-- Task description --
What you give back must match the data exactly, minus the pictures.
───── Provided material ─────
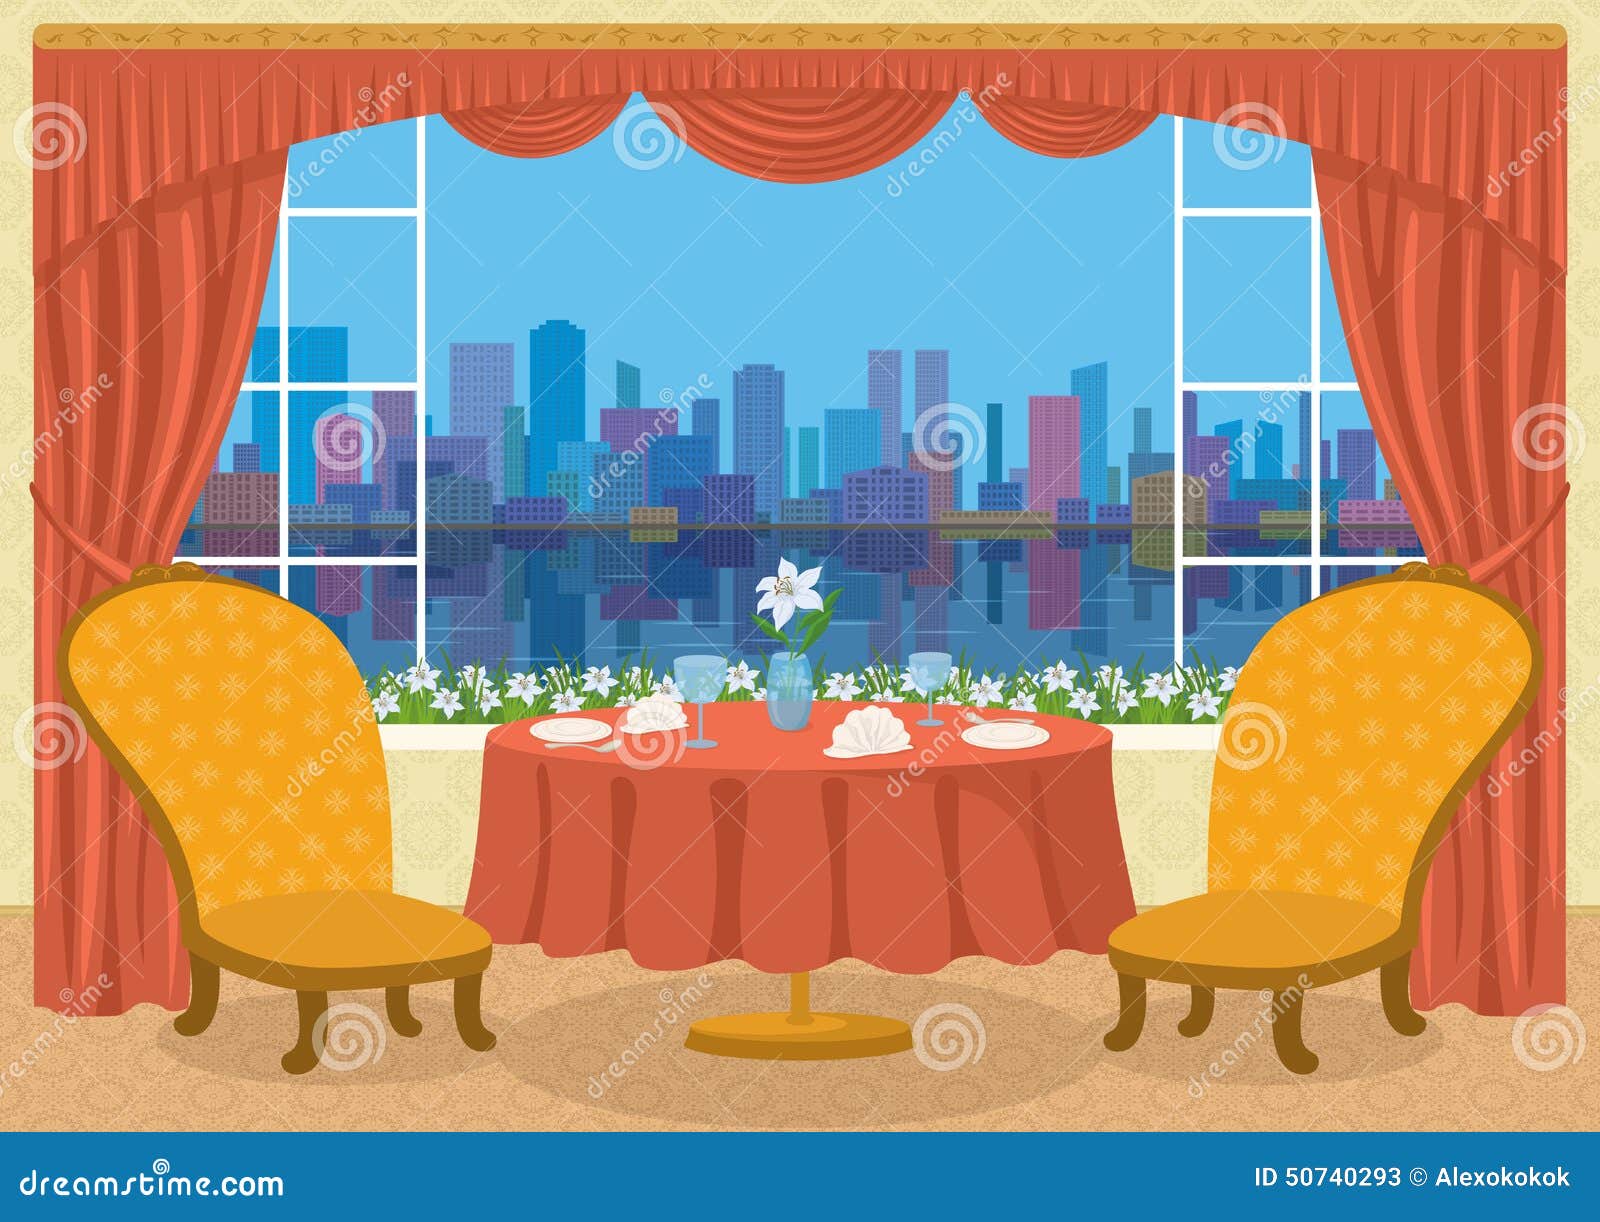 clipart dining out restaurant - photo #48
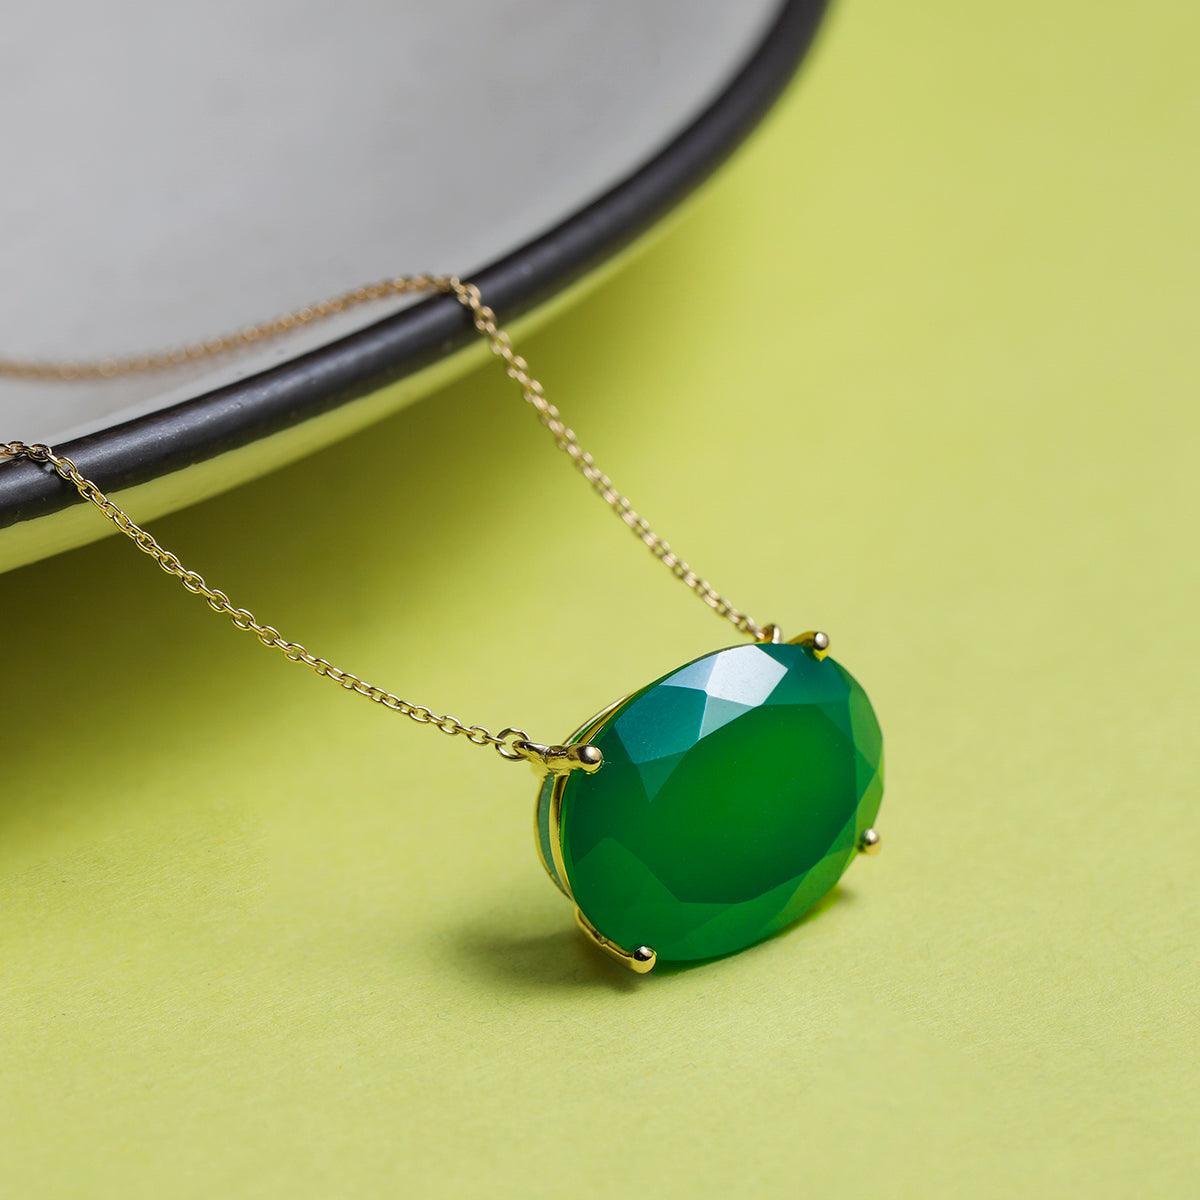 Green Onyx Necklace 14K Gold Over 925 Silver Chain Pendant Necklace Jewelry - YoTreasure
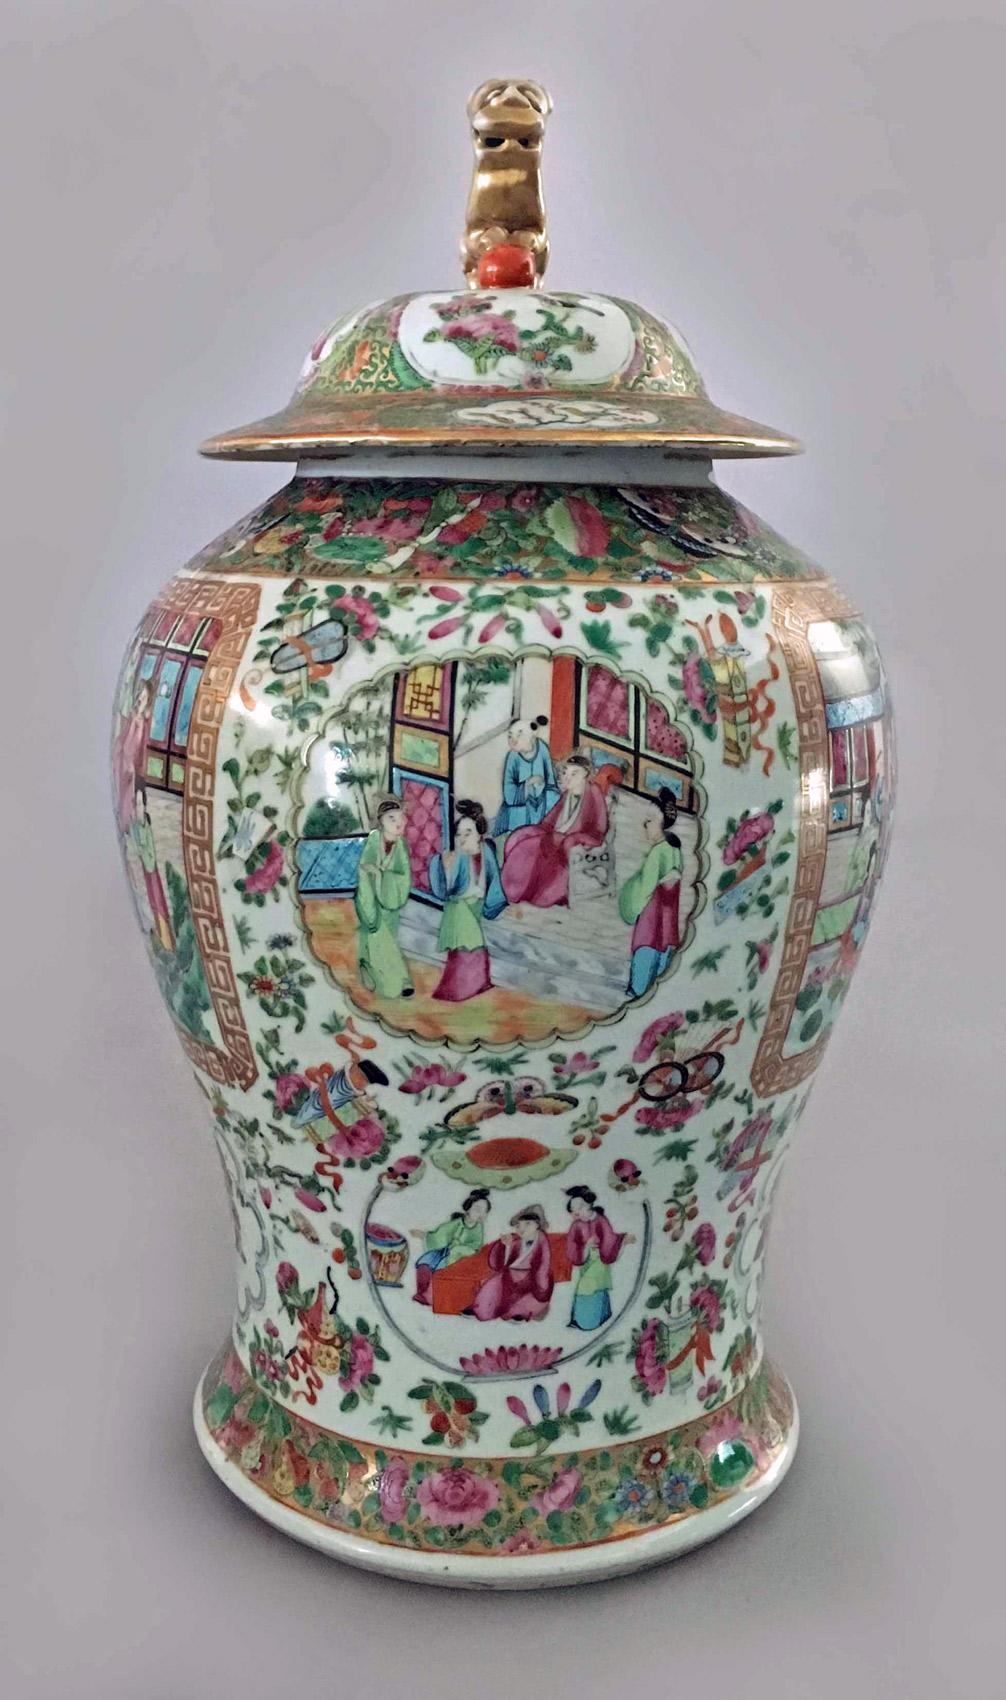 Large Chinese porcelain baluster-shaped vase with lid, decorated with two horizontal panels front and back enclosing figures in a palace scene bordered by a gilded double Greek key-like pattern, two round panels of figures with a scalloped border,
─────
-- Solution below --
 clipart dining out restaurant - photo #48
 Green Onyx Necklace 14K Gold Over 925 Silver Chain Pendant Necklace Jewelry - YoTreasure
 Large Chinese porcelain baluster-shaped vase with lid, decorated with two horizontal panels front and back enclosing figures in a palace scene bordered by a gilded double Greek key-like pattern, two round panels of figures with a scalloped border,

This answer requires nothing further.